So, what are three things we can use from this book?


3 Things You Can Use


1. Take a Walk

Or a shower... or do some coloring, brush your teeth...

If you want to have a better shot at that lightbulb moment, remove yourself from task-orientation.

Do something mindless that you can be present and in the moment for.

While in a task-oriented mindset, your brain's workings and innards will be guided and funneled towards the task you are working on, thinking of solutions and molding your game plan.

Stepping out of this mode will remove the funnel and open up your brain to firing random patterns of neurons to test for connections and come up with ideas.

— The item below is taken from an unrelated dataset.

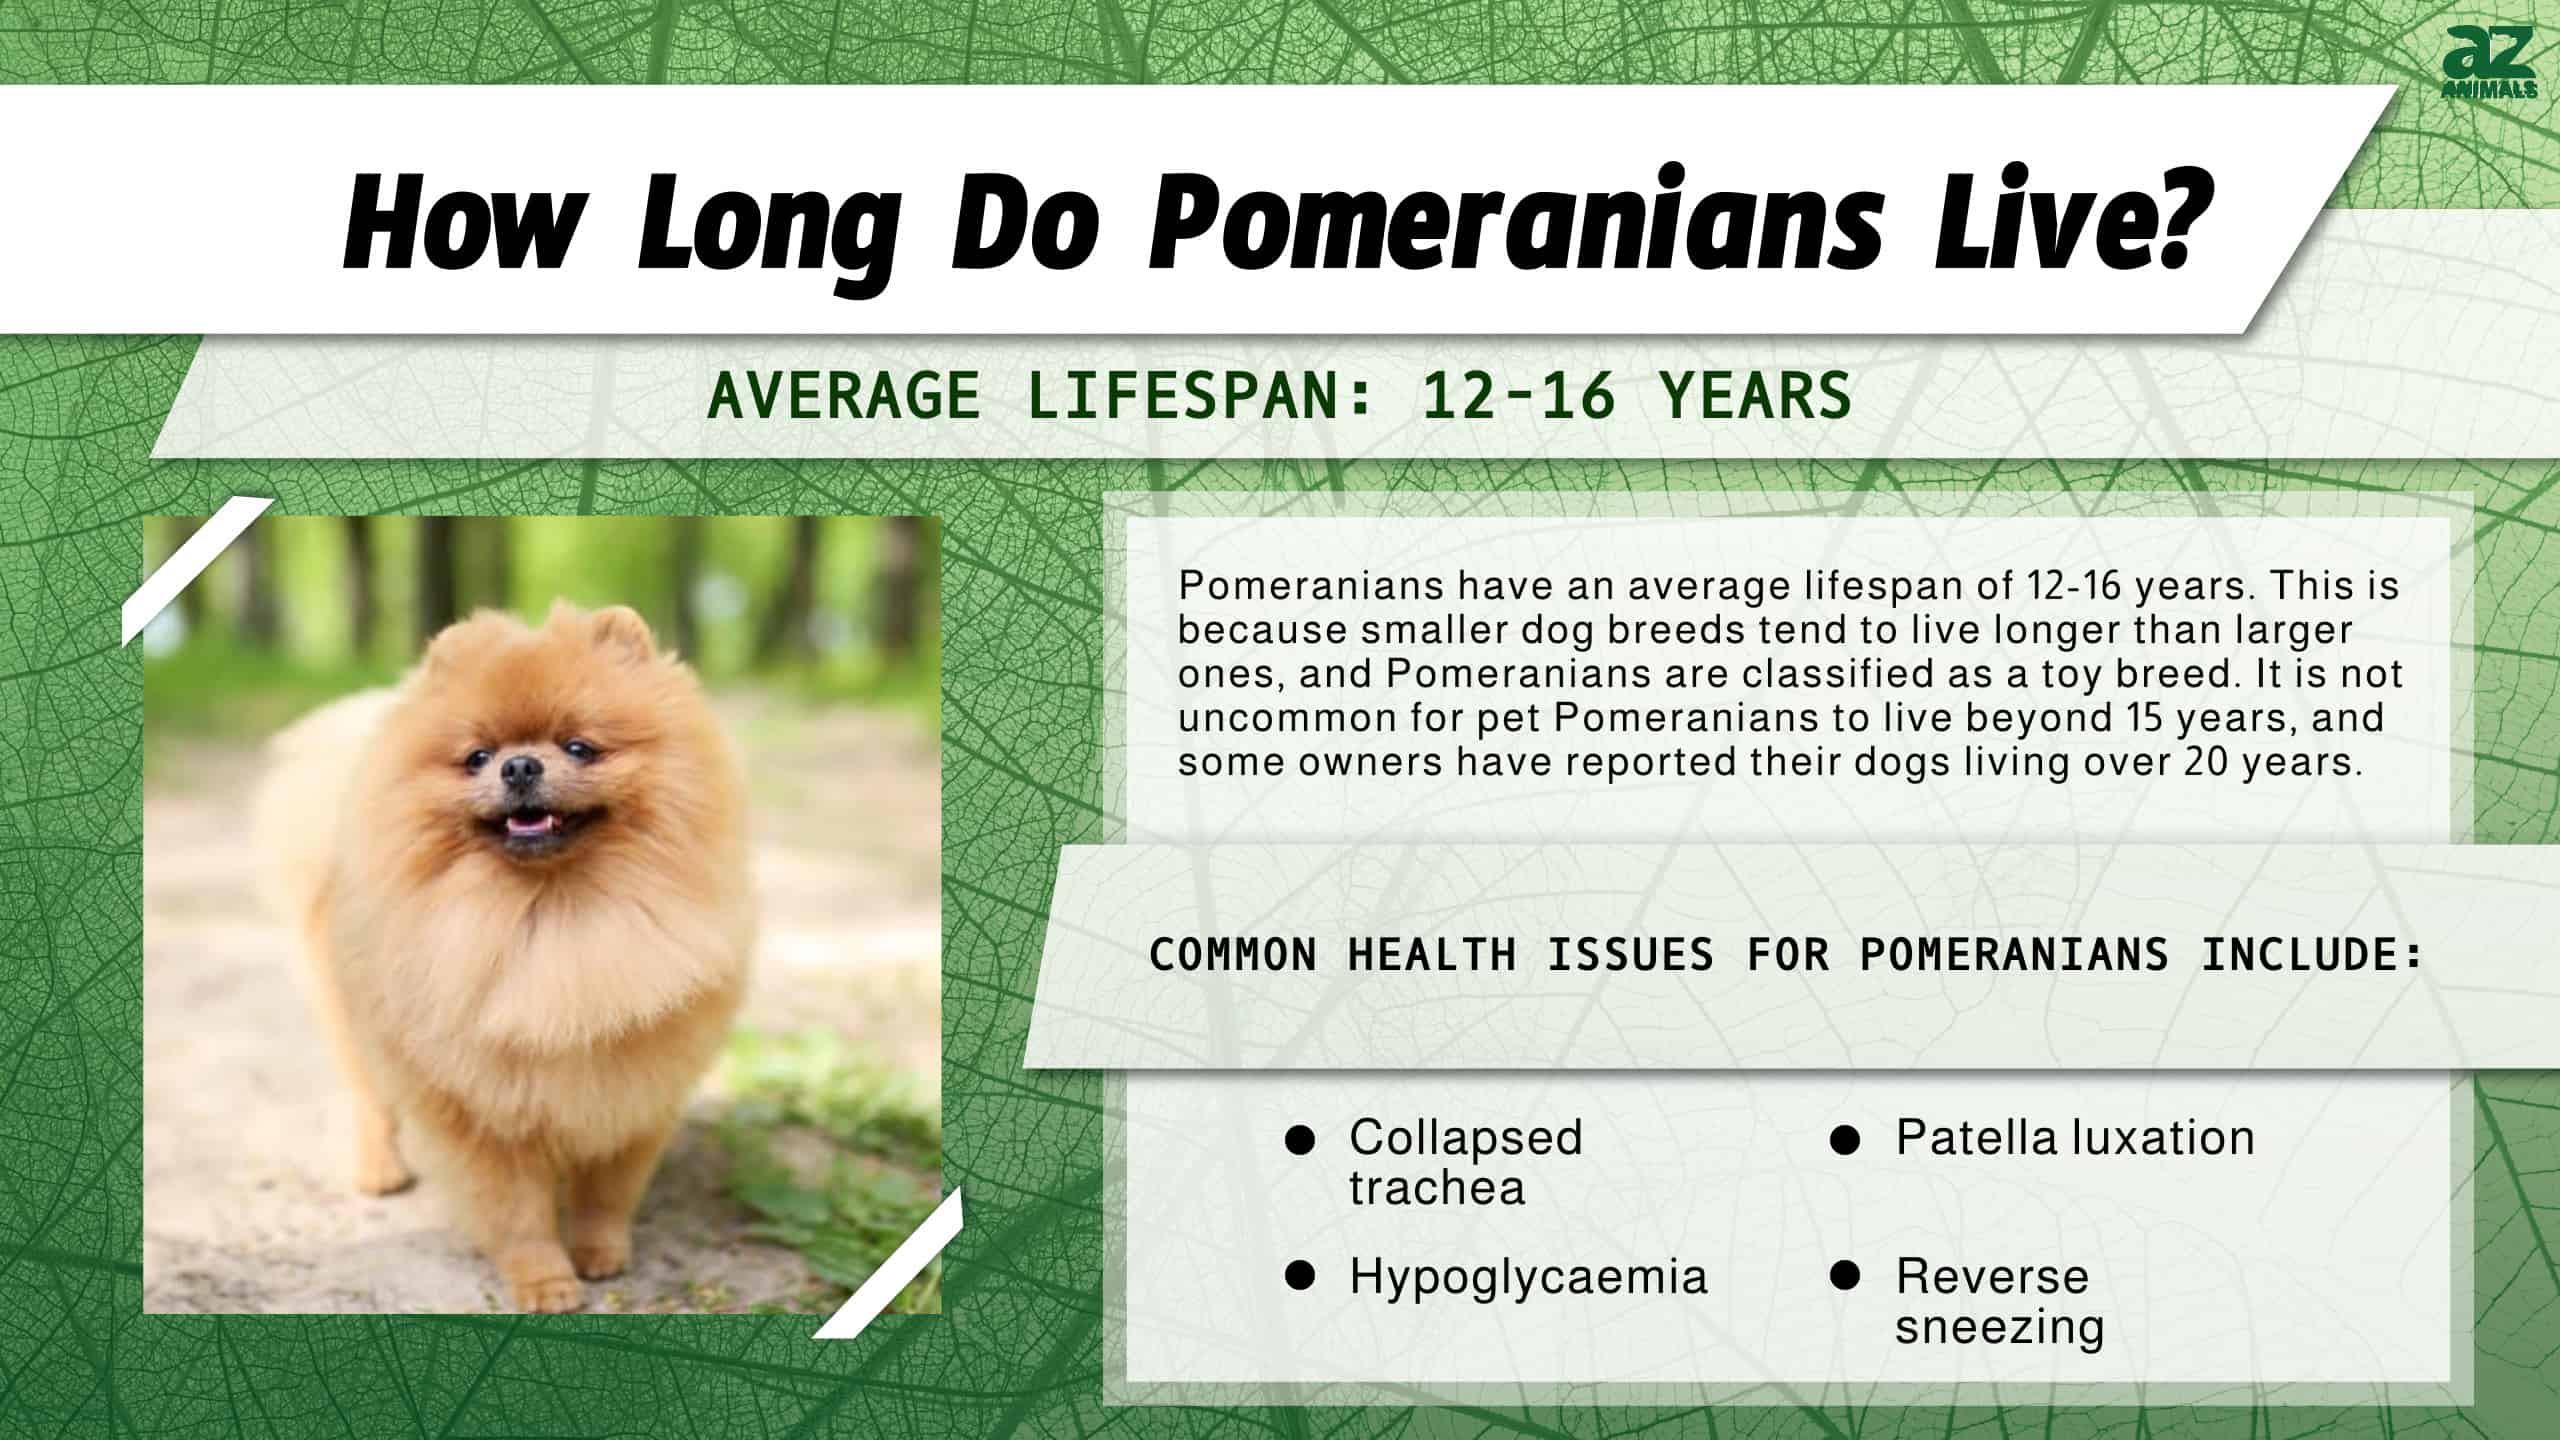 How Long Do Pomeranians Live? infographic
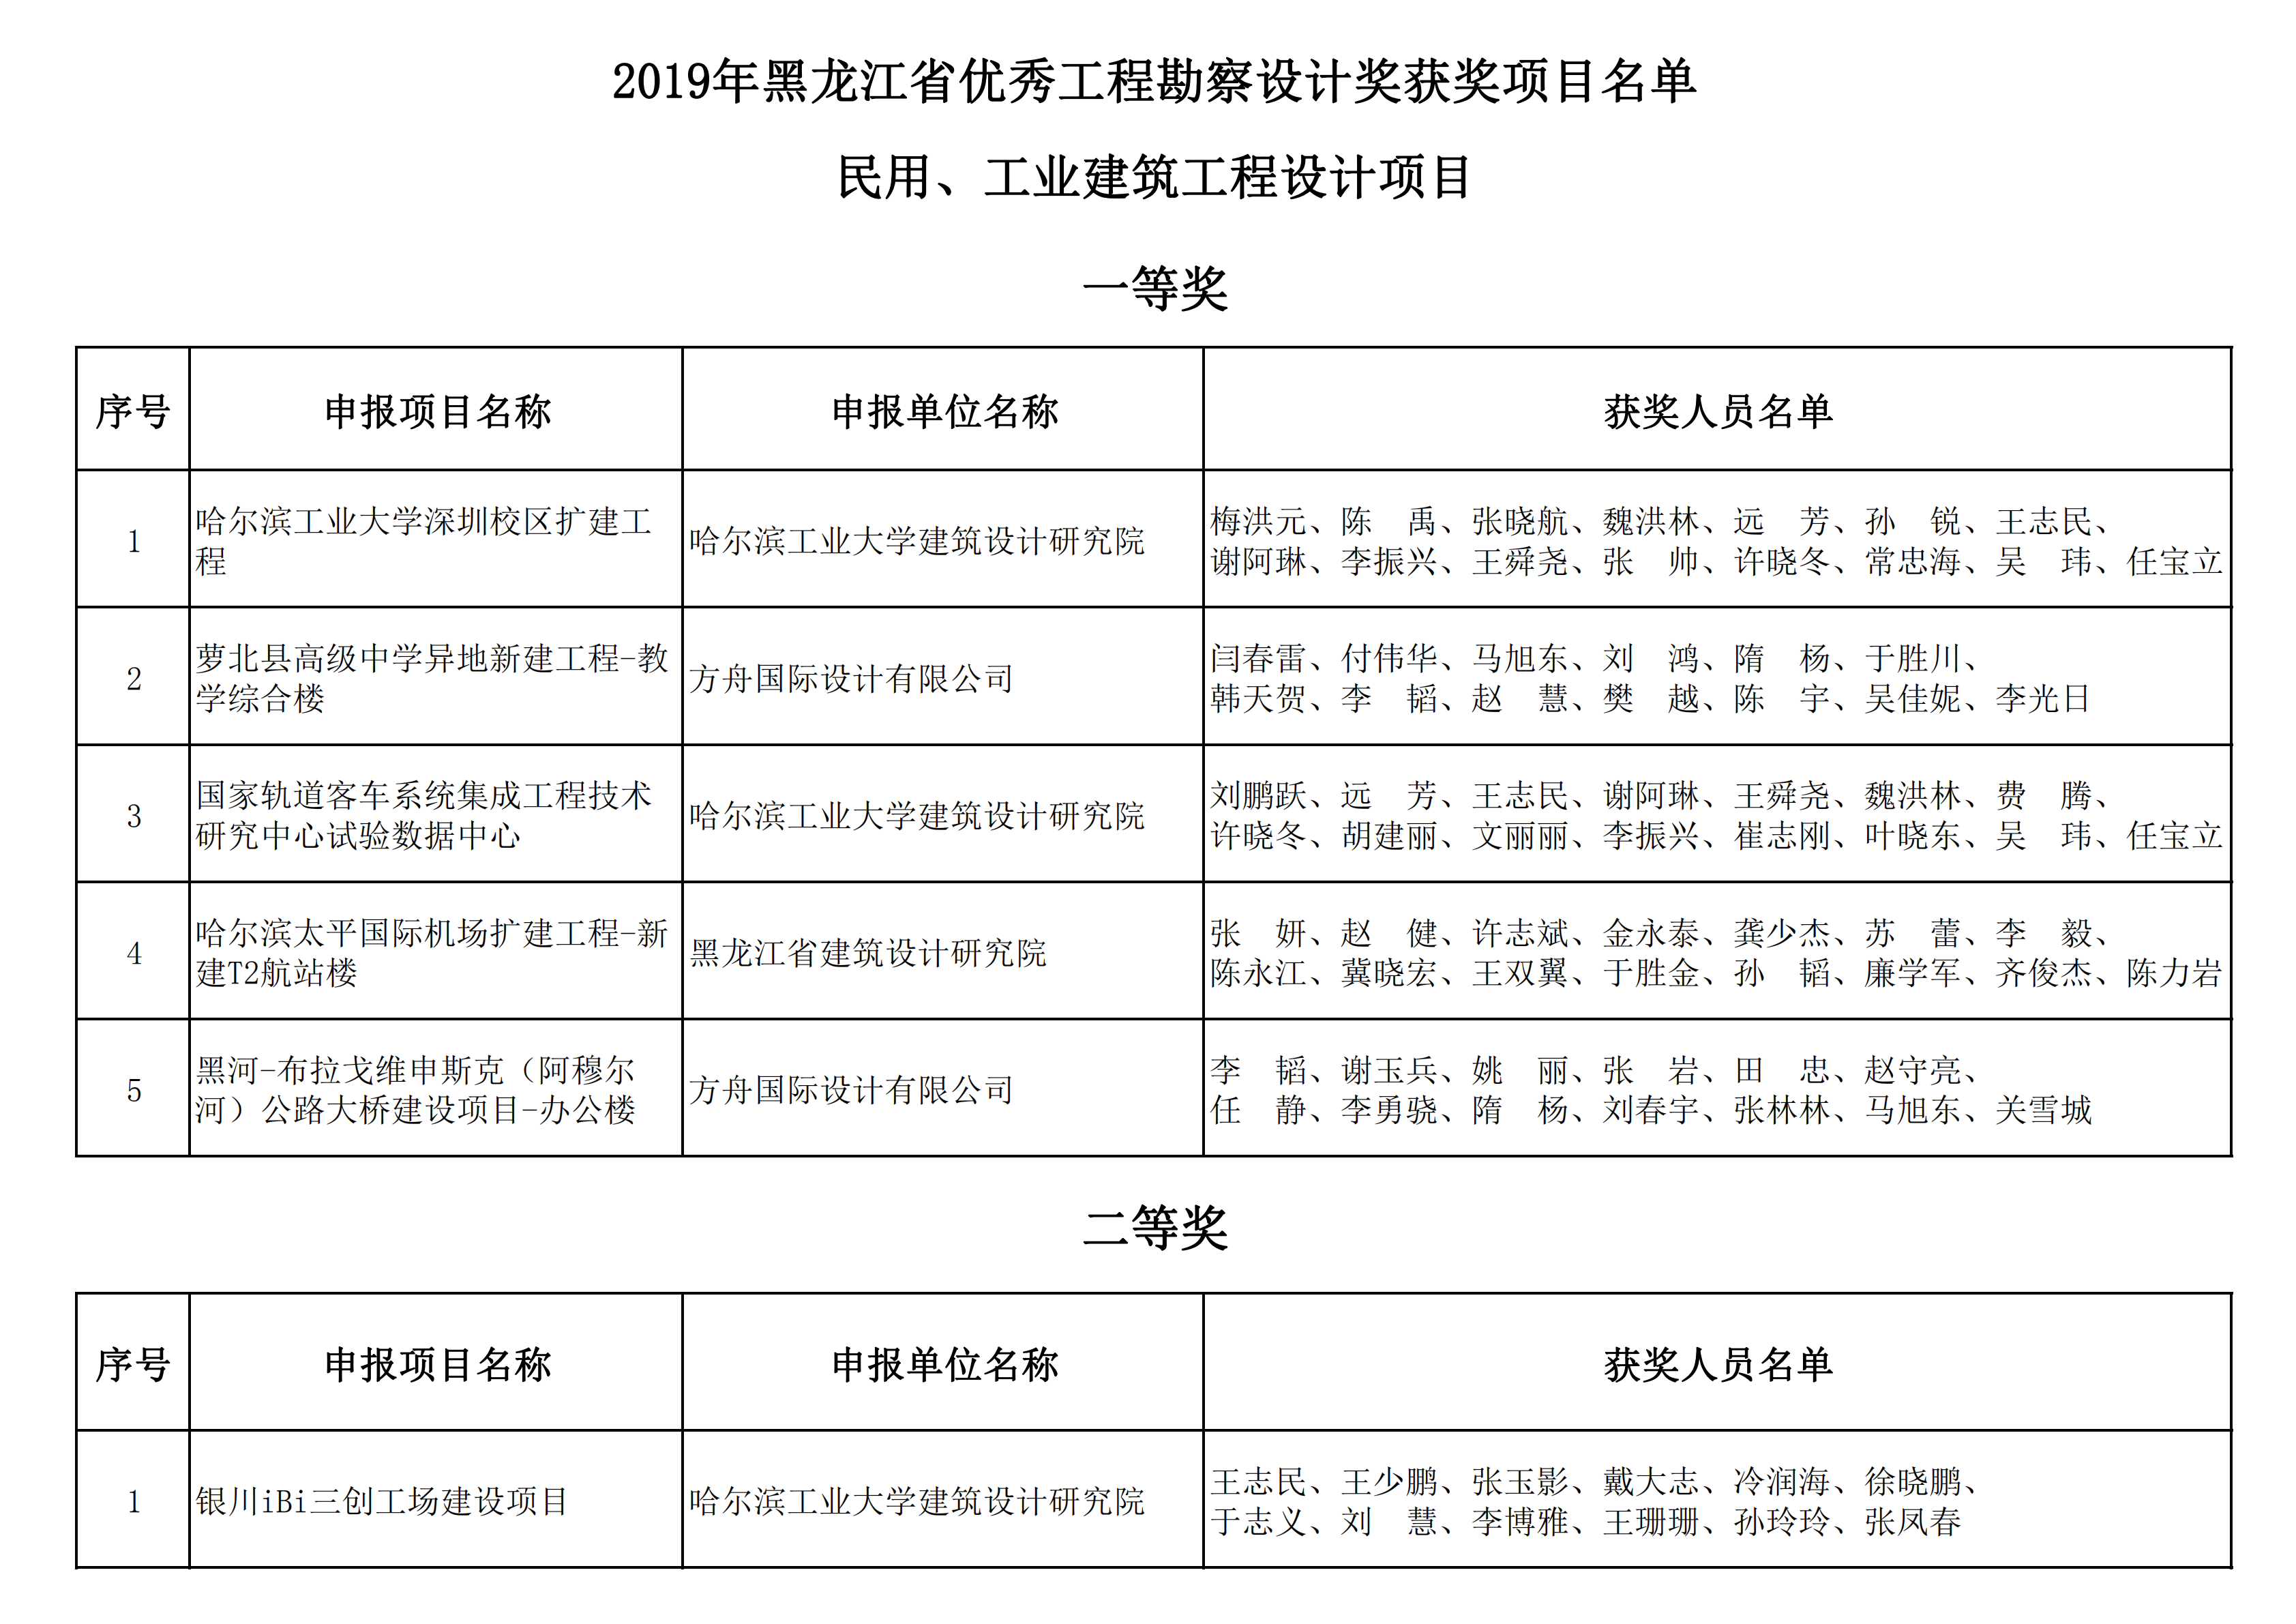 2019年黑龙江省优秀工程勘察设计奖获奖项目名单_00.png

This is why you may find that most of your good ideas come while you are in the shower.

One of the best ways to take advantage of this principle is walking. Take a walk to get the blood going, giving your energy, slow things down, bringing you out of fight or flight mode, and letting your brain do it's thing, making connections in the background while you observe and enjoy.


2. Write it Down

New ideas usually come from connections between different ideas.

Think, peanut butter sandwich is good.

Bananas are good.

Peanut butter and banana sandwiches are good?

Yes.

That is exactly how the peanut butter and banana sandwich was born and that is how many other ideas are formed.

Writing your ideas down, and organizing them in some fashion, is a good way to hit the idea jackpot for a few reasons:

  • Forgetting the idea doesn't cast it away to oblivion, because you have it written down

  • Writing it down strengthens the idea, strengthening the pattern or neurons that make up it's concept and thus slightly increasing its importance to your brain, which may then try to mix it with other things.

  • And finally, so that if you ever review your ideas and notes, you have a better chance of making connections between your ideas and discovering the next peanut butter and banana sandwich.


3. Get Some Hobbies

Ideas are never absolutely brand new. They are strings of other pre-existing ideas and concepts, that are formulated in a new way, seen in a new way or built upon.

So a good way to take advantage of this principle is to expose yourself to many different paradigms.

Give yourself new ways of looking at things, through different filters.

Steven Johnson suggests hobbies as a great way to do this.

Say you use basketball and woodworking as your two hobbies.

There are principles and ways of thinking that will come from playing basketball, competition, movement, a single goal, obstacles. And ways of thinking that would come from woodworking, ingenuity, perfectionism, cutting, sawing, removing, adding.

These two different paradigms are built in your brain the more you practice them.

These can then become unconscious filters for your thoughts, affecting how you think about things, especially while mindlessly engaging in your them.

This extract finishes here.